MATERIALS AND METHODS

Animal tissue

Experiments were performed ex vivo using basilar arteries from mongrel dogs anesthetized with 25 mg/kg sodium pentothal administered intravenously. All procedures were performed in accordance with institutional guidelines.

Isometric force recording

Basilar artery rings (3 to 4 mm in length), with or without endothelium (Onoue et al., 1999), were connected to isometric force transducers and suspended in organ chambers filled with modified Krebs (control) solution as described previously (Chen et al., 1997; Onoue et al., 1999). Where specified, L-NAME (0.3 mmol/L) or indomethacin (10 μmol/L) was added to the control solution 15 or 30 minutes, respectively, before adding other compounds. Geldanamycin (3 μg/mL) was added 15 minutes before other compounds (Garcia-Cardena et al., 1998), except when used for acquiring concentration-response data (when it was added in a cumulative manner).
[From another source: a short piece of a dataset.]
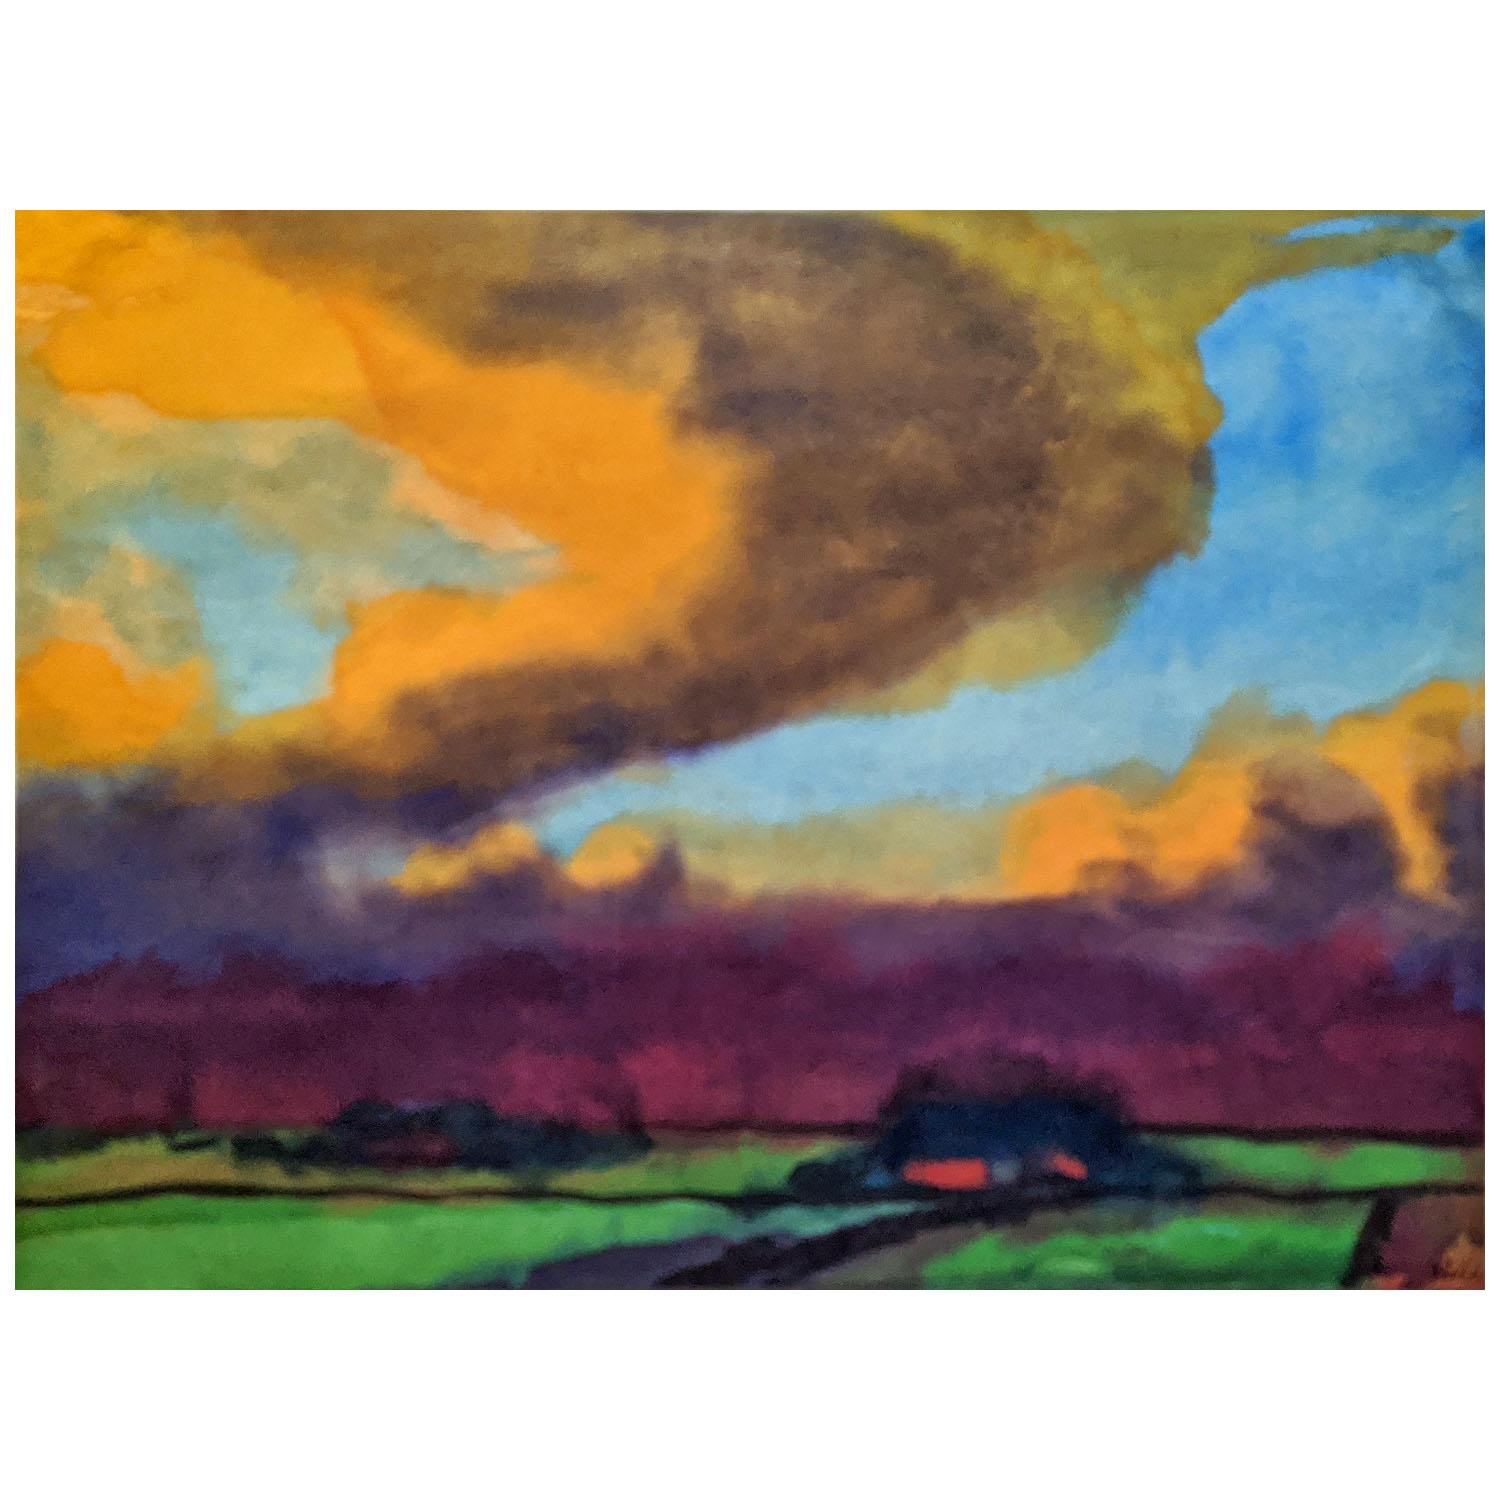 Эмиль Нольде. Болотный пейзаж с грозовым небом. 1935. Частное собрание

Contractions are expressed as percentage of maximal contraction induced by KCl (50 mmol/L; 100%) and relaxations are expressed as percentage of maximal relaxation induced by papaverine (0.3 mmol/L; 100%). Median effective concentration (EC₅₀) values were calculated as described elsewhere (Onoue et al., 1999).

cGMP assay

The RIA used to determine the tissue content of cGMP has been detailed previously (Onoue et al., 1999). Note that during 30-minute incubation in modified essential medium at 37°C, certain rings were treated in the last 2 minutes with geldanamycin (3 μg/mL) or L-NAME (0.3 mmol/L), whereas others (control) remained untreated; a 2-minute exposure time was chosen based on the average time to achieve maximal responses using these inhibitors. Subsequent steps were followed as previously described (Onoue et al., 1999).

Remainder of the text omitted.